There have been a lot of “sold out” signs next to the events from the Jane Jacobs series. Why do you think it’s been so popular?
Obviously it’s striking a responsive cord. A lot of people who come to the exhibit, come to the programs, I’ve noticed have the paperback [of Jacobs’ “The Death And Life of Great American Cities”] tucked under their arm. So there’s been a lot of rereading by older people and reading for the first time by younger people, and I think her observations have held up pretty well. But that would have been true 10 years ago. I think what’s maybe different now is that there’s this feeling of vague unease despite – or maybe because of — this excessive wealth, and a lot of development and a feeling of rampant gentrification. I think there’s a feeling that somehow we may be losing qualities of the city that we cherished.
Before we did the show, as it happened, there was another show that opened, about a year ago, the Robert Moses show. And that got a lot of press. And a lot of the press seems to be centering on maybe Moses wasn’t so bad after all. And maybe there was a lot to be learned. Maybe we need a Bob Moses. So we were afraid — I was particularly afraid — that somehow the Jane Jacobs thing would come along, and somehow that’s the brackets of the argument: should it be Bob Moses or Jane Jacobs? And that didn’t happen. I was really surprised at that. But this is a long way of saying that there was some kind of theme in Jane Jacobs, other than being the “other than Bob Moses” that people clearly were picking up on.
There’s clearly something going on, and it’s not reaction to Bob Moses. So I’m just guessing that it comes out of people’s sense that, with all this extreme development, that somehow the lessons of Jane Jacobs are being forgotten. Now, I’m projecting my own feelings because when this opportunity came up to do this show, it came at a time when we were very conscious that some of the lessons that we thought had been very well established in New York, on how you do large-scale development, seem to have been forgotten. And Atlantic Yards was a wakeup call for us, because you would have thought, by now it’s well established that you don’t close down a street, you open them up. That was the mistake they made after the first Battery Park City, the mistake they tried to rectify after 9/11 in Lower Manhattan. Let’s put the streets back. The whole 1950s idea that you could aggregate the streets and create all these little precincts apart from the city you would have thought was pretty discredited, was back here on the table in the Atlantic Yards project.

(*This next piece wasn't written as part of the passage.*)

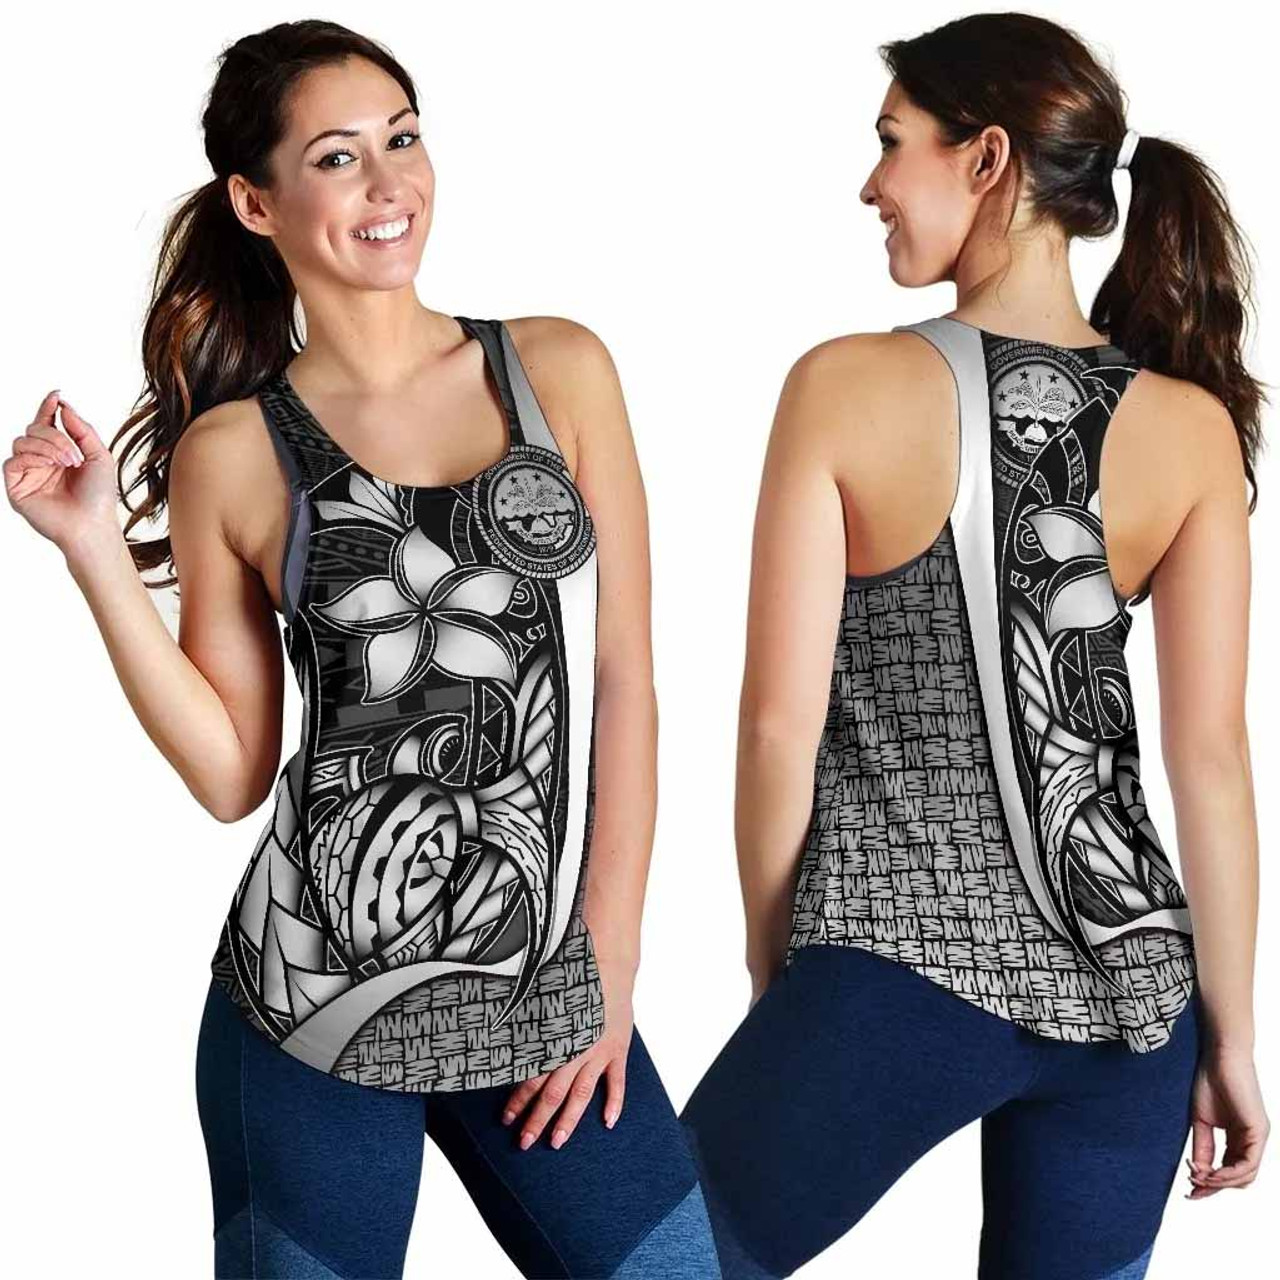 Federated States of Micronesia Women Racerback Tank White - Turtle With Hook 1

A week after Jacobs died, New York Times architecture critic Nicolai Ouroussoff offered this gentle criticism: “The threats facing the contemporary city are not what they were when she first formed her ideas, nearly 50 years ago. The activists of Ms. Jacobs’ generation may have saved SoHo from Mr. Moses’ bulldozers, but they could not stop it from becoming an open-air mall. The old buildings are still there, the streets are once again paved in cobblestone, but the rich mix of manufacturers, artists and gallery owners has been replaced by homogenous crowds of lemming-like shoppers. Nothing is produced there anymore. It is a corner of the city that is nearly as soulless, in its way, as the superblocks that Ms. Jacobs so reviled.” His description of SoHo seemed to me like it could apply to most of Manhattan these days, and increasingly large swaths of Brooklyn. I wondered, can Jane Jacobs’ ideas really save us from the new kind of soullessness that he’s talking about?
He seems to be a journalist in the tradition of [the late Times architecture critic] Herbert Muschamp who thinks that it’s somehow unprofessional to do any research or check any facts, so I don’t think he’s highly regarded as a thinker. So his description, if you had to parse what he just said, is: Jane Jacobs and her followers saved SoHo. They didn’t really have anything to do with it. The ‘60s saved SoHo, and Jane Jacobs is in the ‘60s and therefore activist activity is part of the ‘60s and so, she couldn’t save SoHo.
SoHo is an example of how you can save the scale of something, but if it’s too successful, it loses diversity. Now, one of the key elements in Jane Jacobs’ thinking is diversity. I’m not sure where he’s going with that, but if the point is that there’s no sense trying to maintain diversity in the city anymore, and we should just give up because it can’t work, then I would say that would be a terrible mistake.
Several of the instruments that tried to maintain SoHo as a physical place – a place for the production of art –we created, such as fostering a zoning district that treated artists as manufacturers. We created the M1-5A, a new district that said, hey, if you are working with pieces of steel or pieces of canvas, you’re a manufacturer. And you couldn’t live in SoHo unless you were certified as an artist, and there was a whole process for certification that I served on 5 years ago. Which was very difficult because you can’t say, ‘Oh, this work is crap, so I can’t certify it.’
I don’t think his [Ouroussof’s] observations about SoHo, accurate as they are, are indication that the principles of Jane Jacobs aren’t important. It’s evidence that they are important, it seems to me.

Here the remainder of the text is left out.